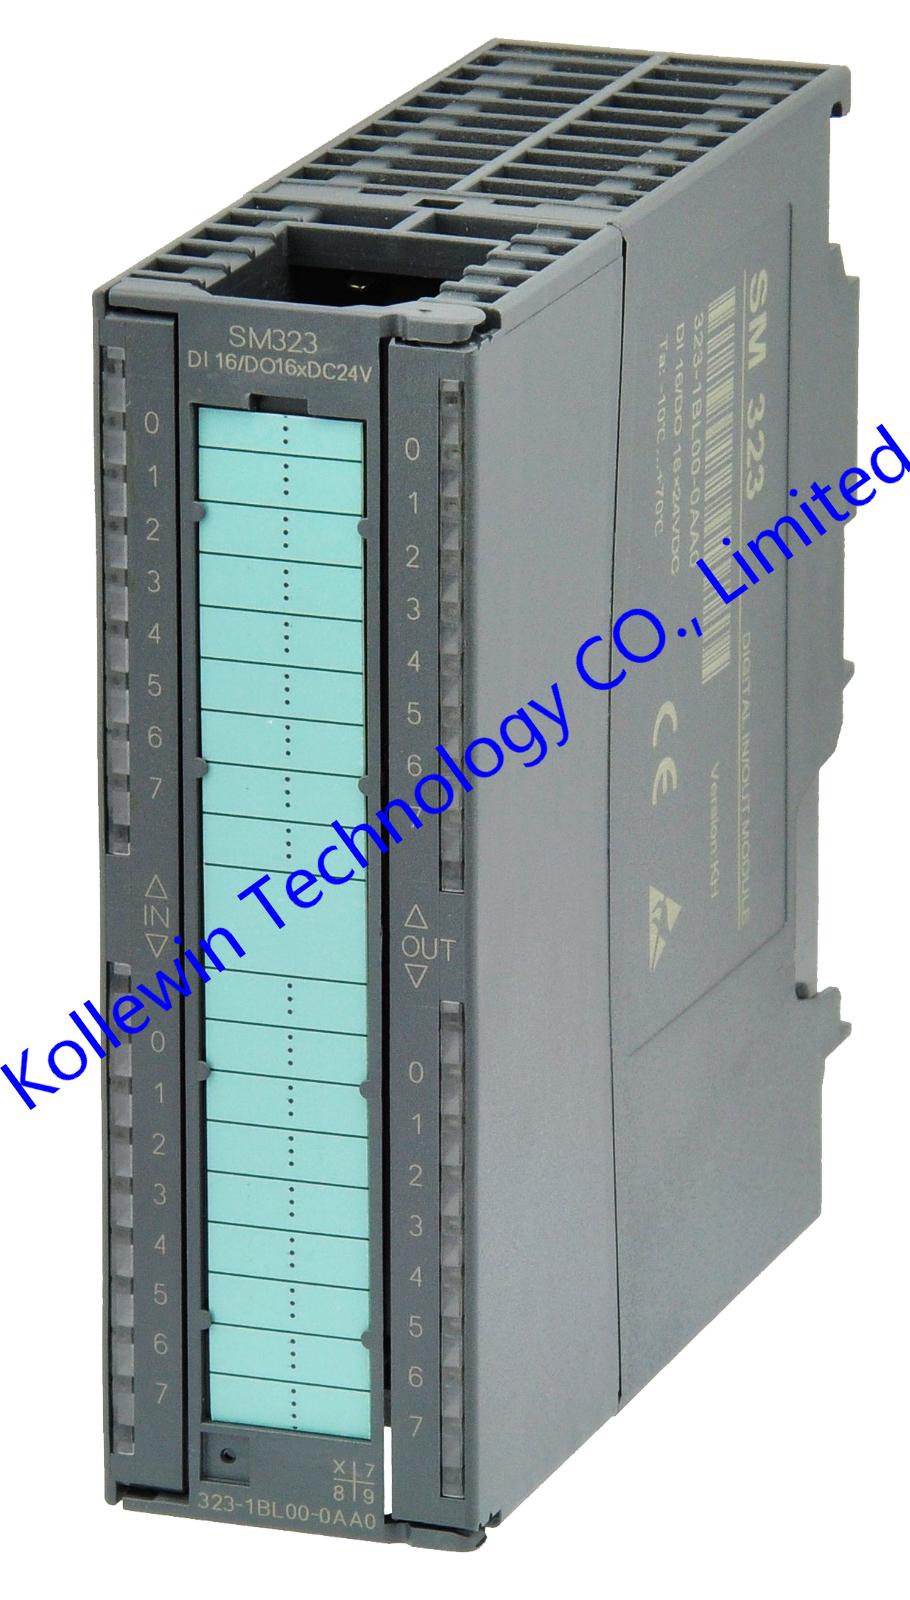 medium resolution of profibus connector 6es7323 1bl00 0aa0 323 1bl00 0aa0 profibus connector 6es7323 1bl00 0aa0 6es7 322 1bl00 0aa0 wiring diagram at cita
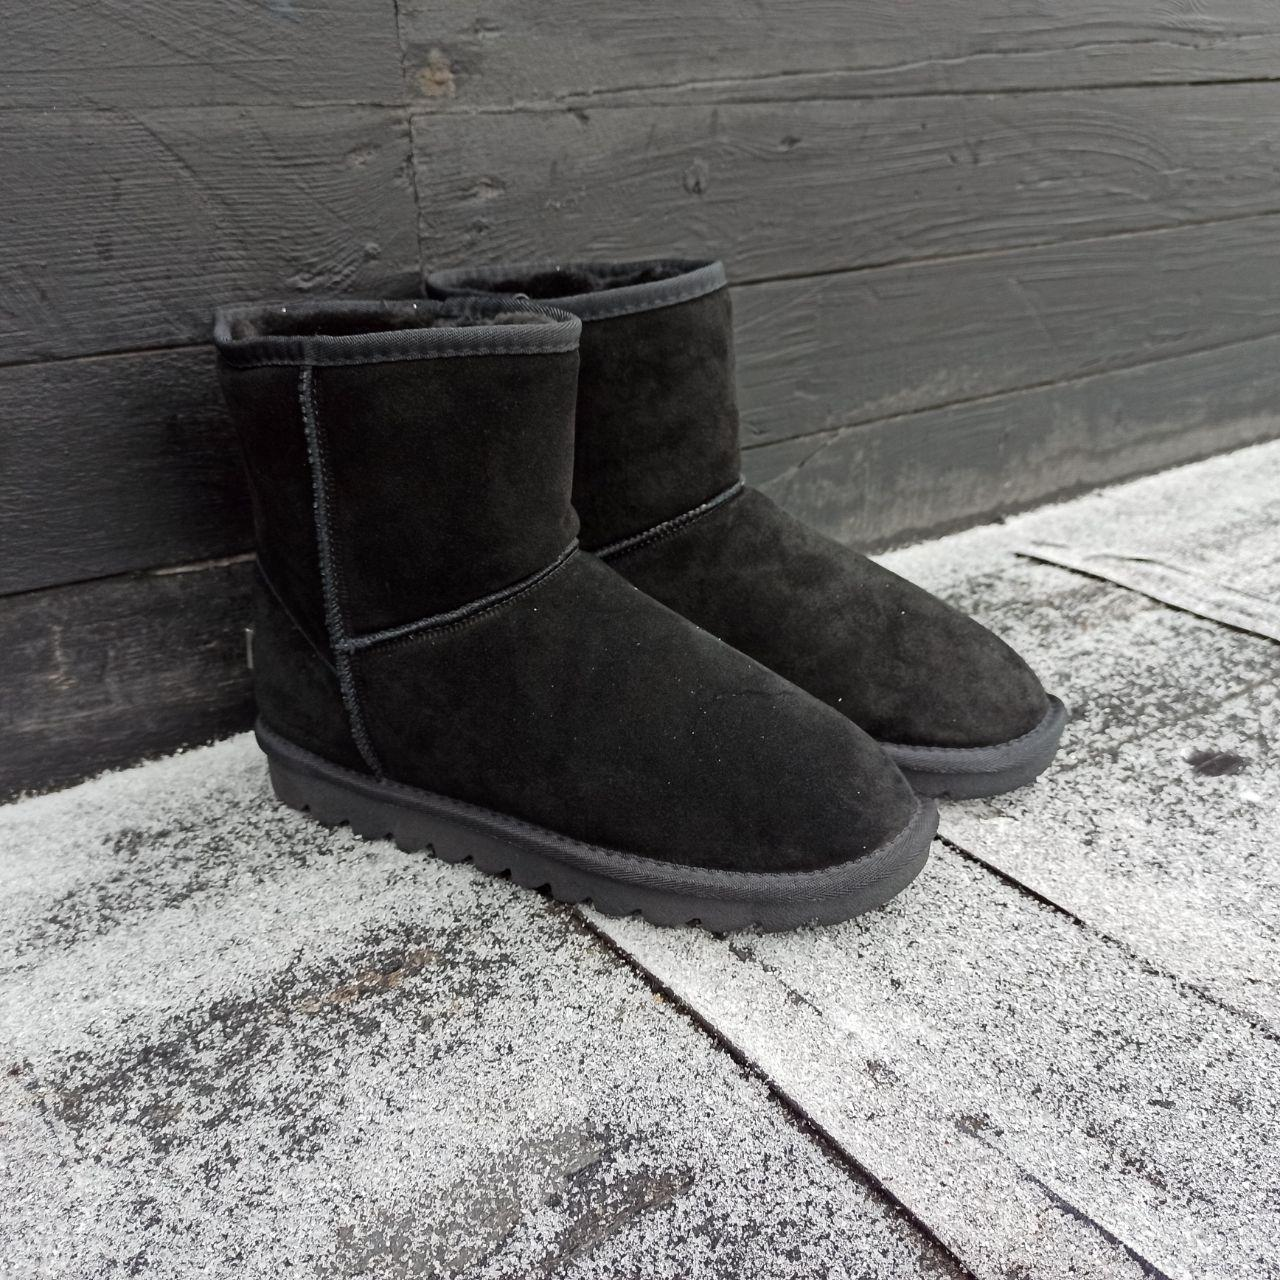 41 размер Угги UGG ботинки ВЫСОКИЕ мужские мокасины зимние теплые на меху замша натуральная
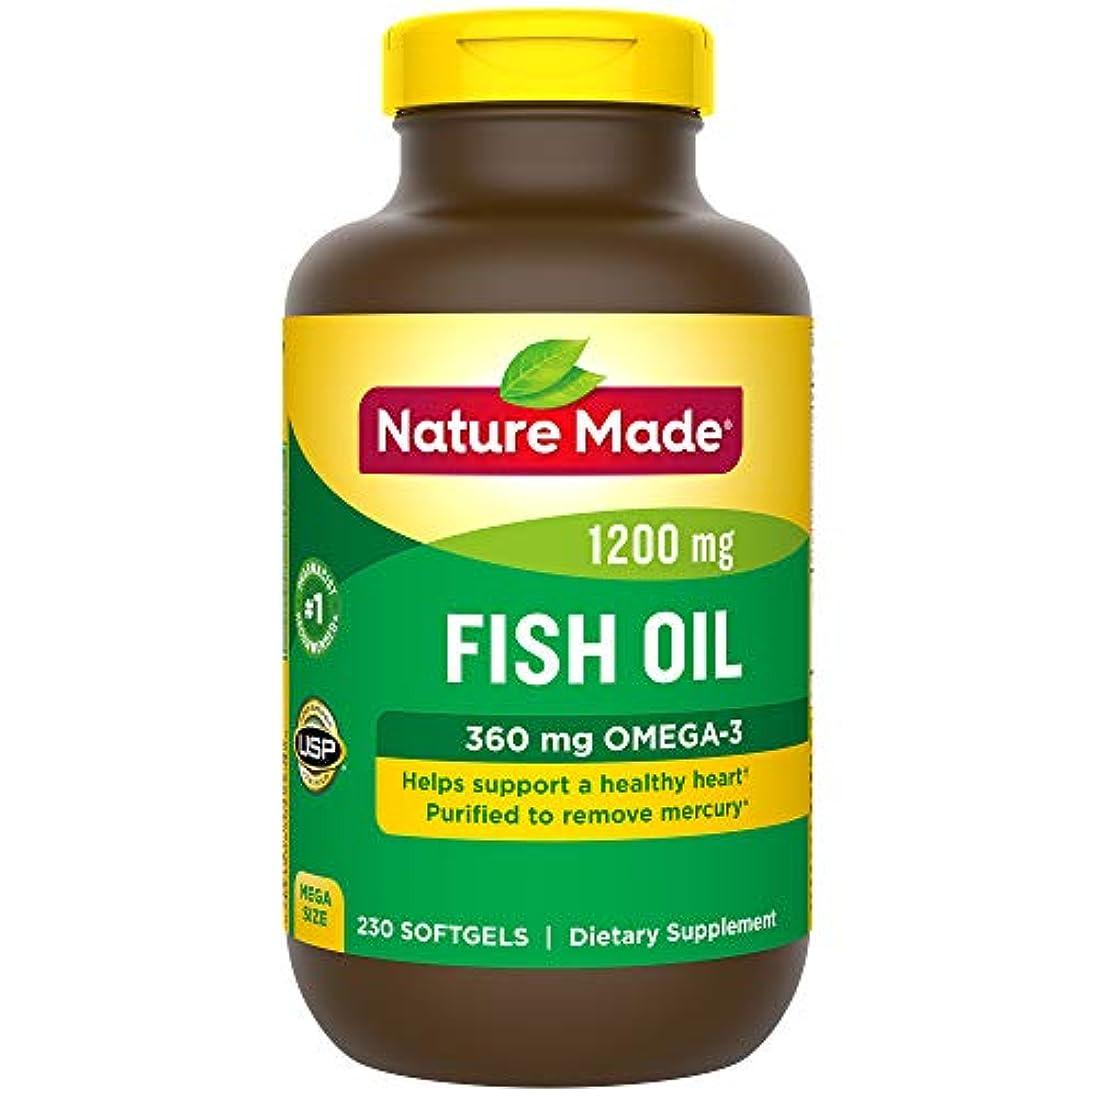 筋肉の夢中保存ネイチャーメイド Nature Made フィッシュオイル オメガ3 サプリメント ソフトジェル 230粒 [並行輸入]
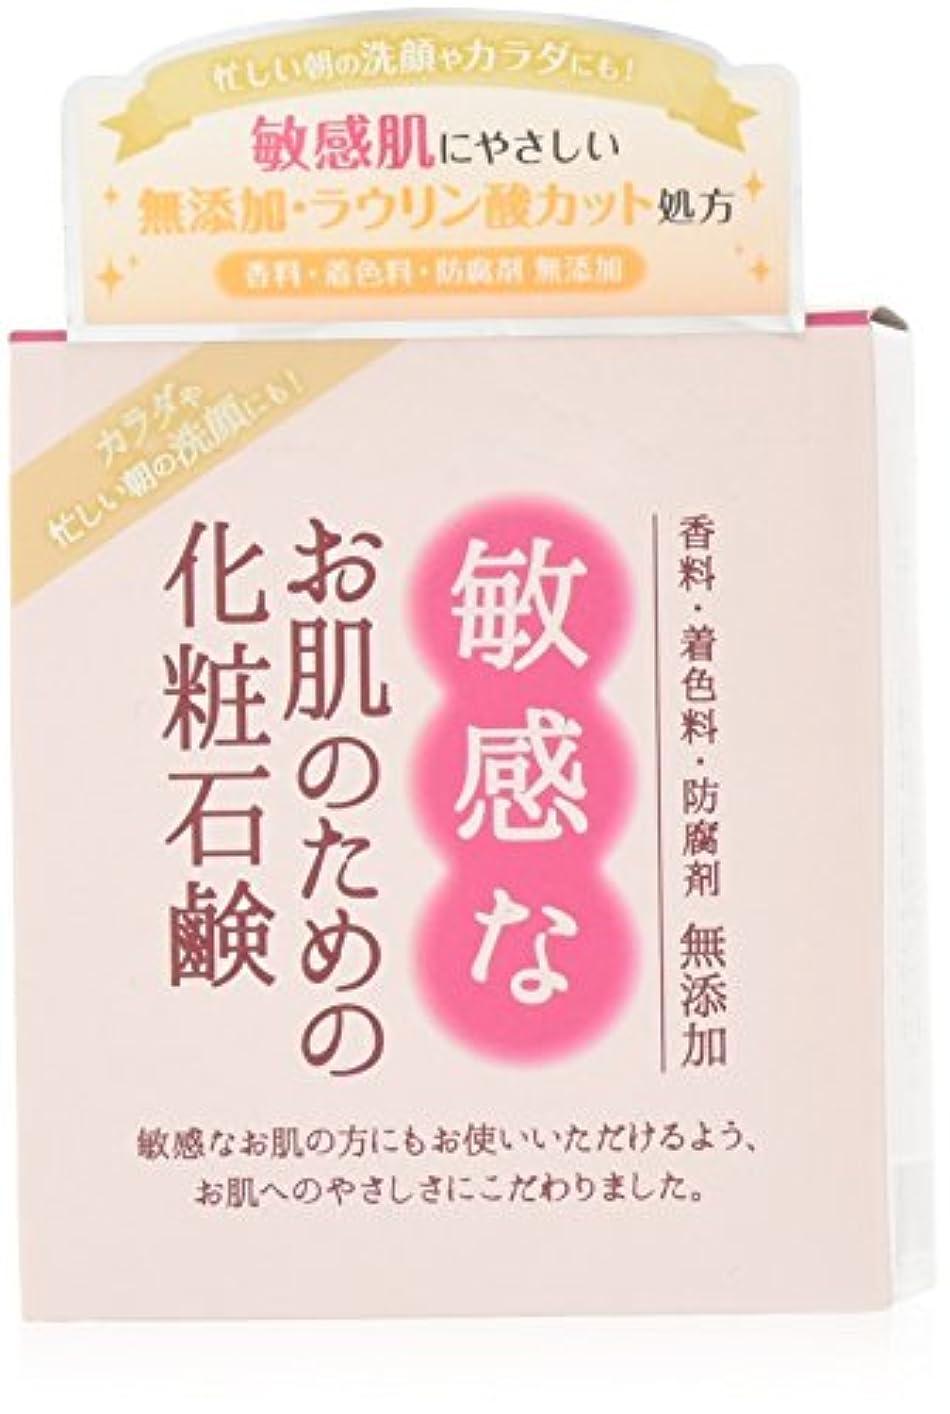 まぶしさ大声でマティス敏感なお肌のための化粧石鹸 100g CBH-S
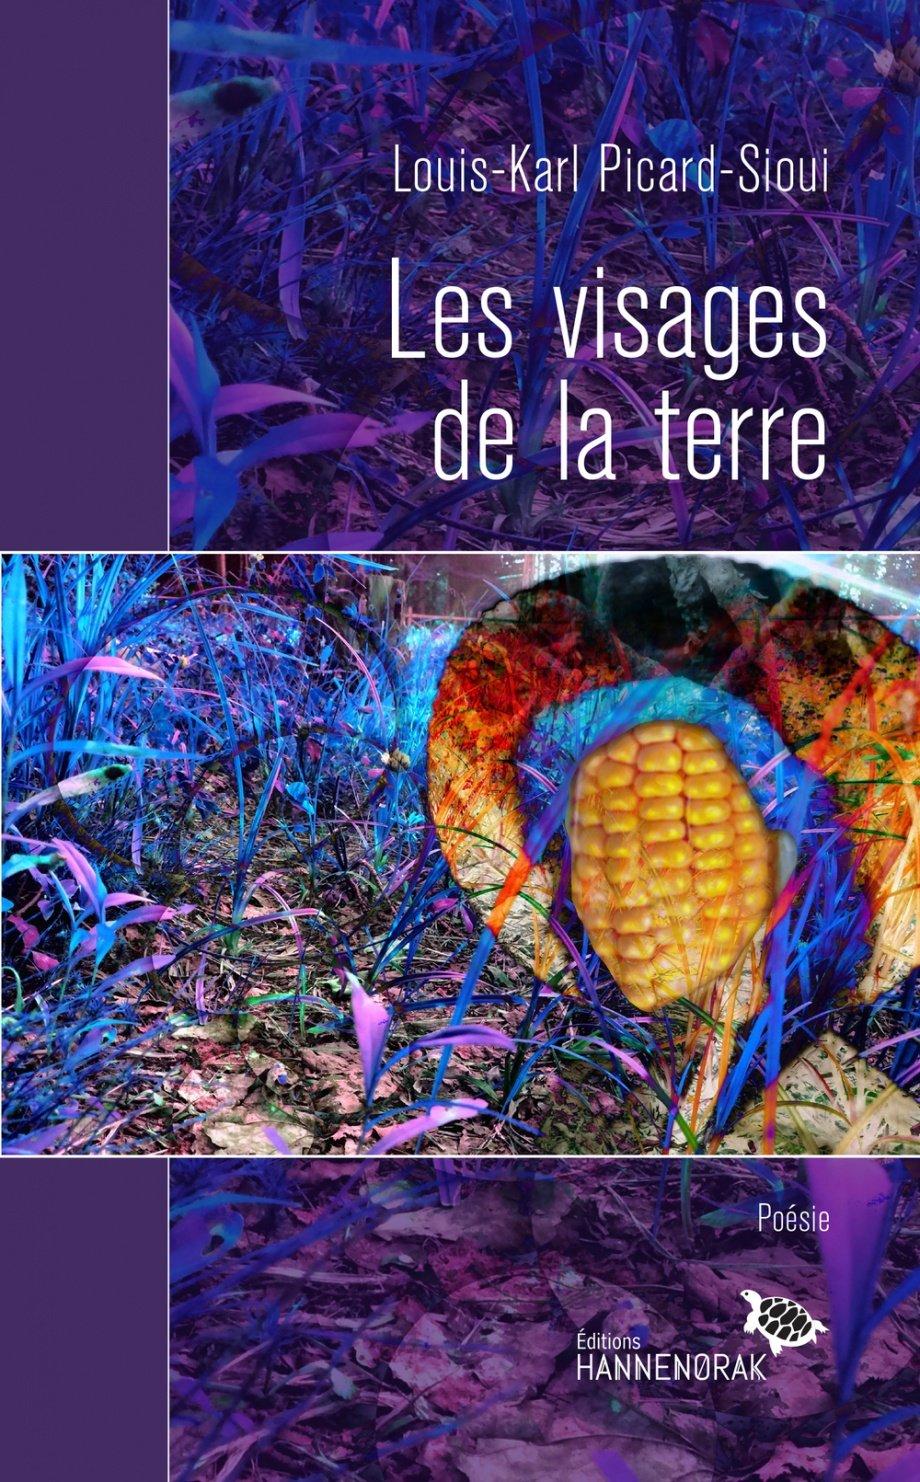 Les visages de la terres, un recueil de poésie de Louis-Karl Picard-Sioui
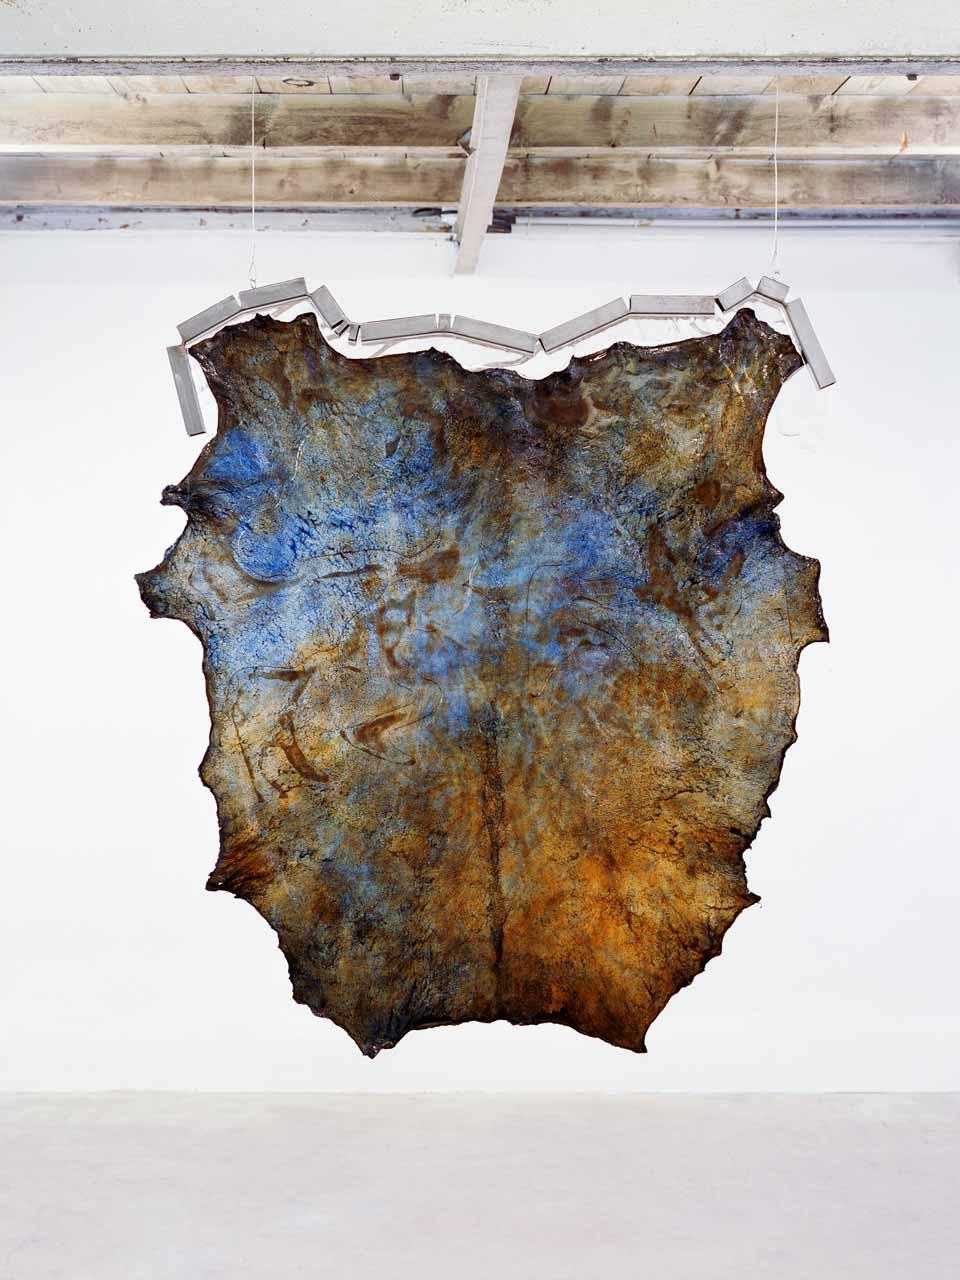 D Ou Vient Le Cuir le cuir vitrail d'amandine guruceaga - leather fashion

■ ■ ■ ■ ■

Copy out, unchanged, the span of lines beginning with the one that includes "41 размер Угги" and running through the final line of the material above. Leave the pictures out.

> [Task solution]:
 41 размер Угги UGG ботинки ВЫСОКИЕ мужские мокасины зимние теплые на меху замша натуральная
 筋肉の夢中保存ネイチャーメイド Nature Made フィッシュオイル オメガ3 サプリメント ソフトジェル 230粒 [並行輸入]
 まぶしさ大声でマティス敏感なお肌のための化粧石鹸 100g CBH-S
 Les visages de la terres, un recueil de poésie de Louis-Karl Picard-Sioui
 D Ou Vient Le Cuir le cuir vitrail d'amandine guruceaga - leather fashion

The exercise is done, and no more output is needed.